Дивину видели на рынке около восьми утра. С авоськой в руке она приценивалась к овощам, фиалкам, яйцам.
В тот же вечер, пять подружек за чаем:
— А знаете, милочки, Дивина вышла замуж за Бога. Встает с первыми петухами, чтобы пойти причаститься, Вся-Кающаяся.
Хор подружек:
— Поми-и-илуй, поми-и-луй Диви-и-ину-у!
На следующий день:
— Слышала, Малышка, в участке Дивину заставили раздеться догола. У нее все тело в ссадинах. Миньон бьет ее.
Хор подружек:
— У-лю-лю-лю-лю! Дивина получает взбучку! А Дивина носила прямо на голом теле облегающую власяницу, о чем не подозревали ни Миньон, ни ее клиенты.
Какой-то тип разговаривает с Дивиной (это солдат, который хочет вернуться на службу):
— Нет денег на жизнь.
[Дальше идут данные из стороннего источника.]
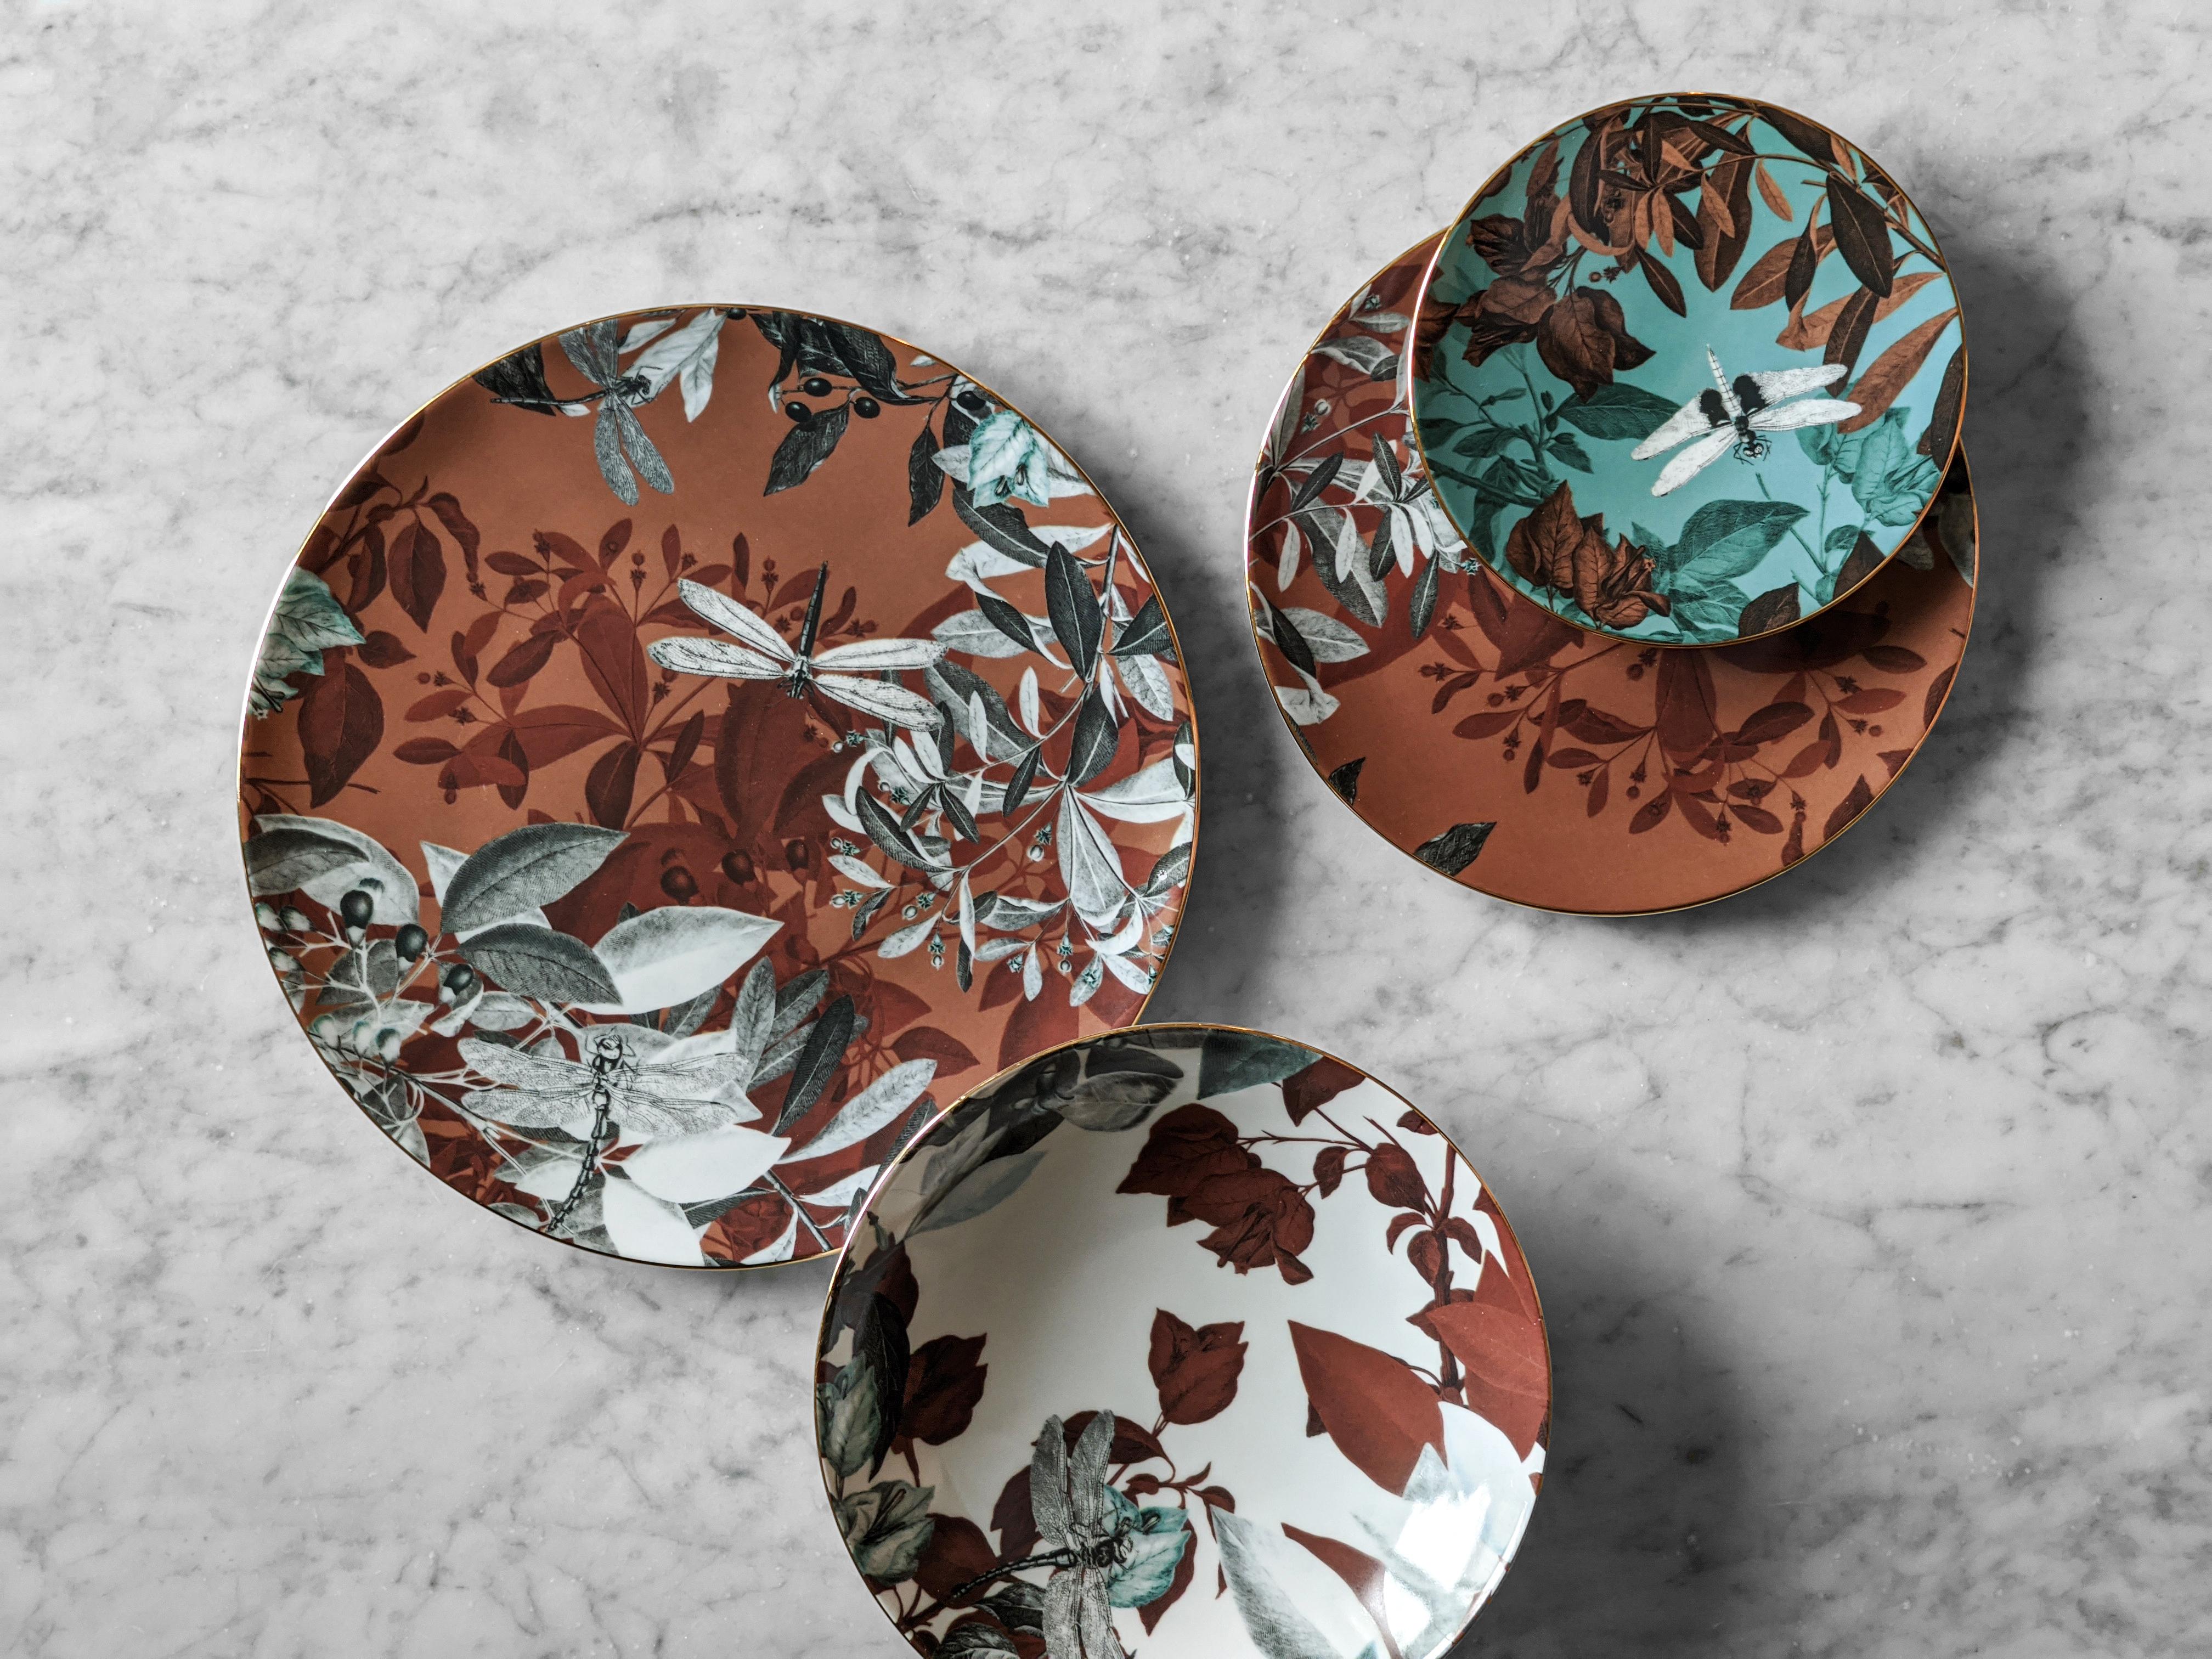 Black Dragon, Six Contemporary Porcelain soup plates with Decorative Design For Sale 3

Что делать? Дивина:
— Работать.
— Работу сразу не найдешь.
Он искушает Дивину и настаивает:
— Ну, что?
Он надеется, что она скажет или подумает:
«Воровать». Но Дивина ответить не решилась: размышляя о своих действиях в подобном случае, она представляла, как своими скудными крохами кормит с ладони птиц, и думала: «Просить милостыню».
Дивина:
— Мы видели велосипедистов, которые насвистывали песню и, увитые ее гирляндами, стремительно спускались под вечер по склону небесного холма. Мы ждали их в долине, и они подлетают к нам в виде маленьких комочков грязи.
Велосипедисты Дивины вызывают во мне первобытный ужас.
Мне любой ценой нужно возвратиться в себя, больше доверять себе. Я хотел составить эту книгу из преобразованных и облагороженных подробностей моей тюремной жизни, я боюсь, что они проговорятся о моих навязчивых идеях. Хотя я и стремлюсь к сухому, даже костлявому стилю, я желал бы из глубин своей тюрьмы обратиться к вам с книгой, исполненной цветов, белоснежных юбок, голубых лент. Нет лучшего времяпрепровождения.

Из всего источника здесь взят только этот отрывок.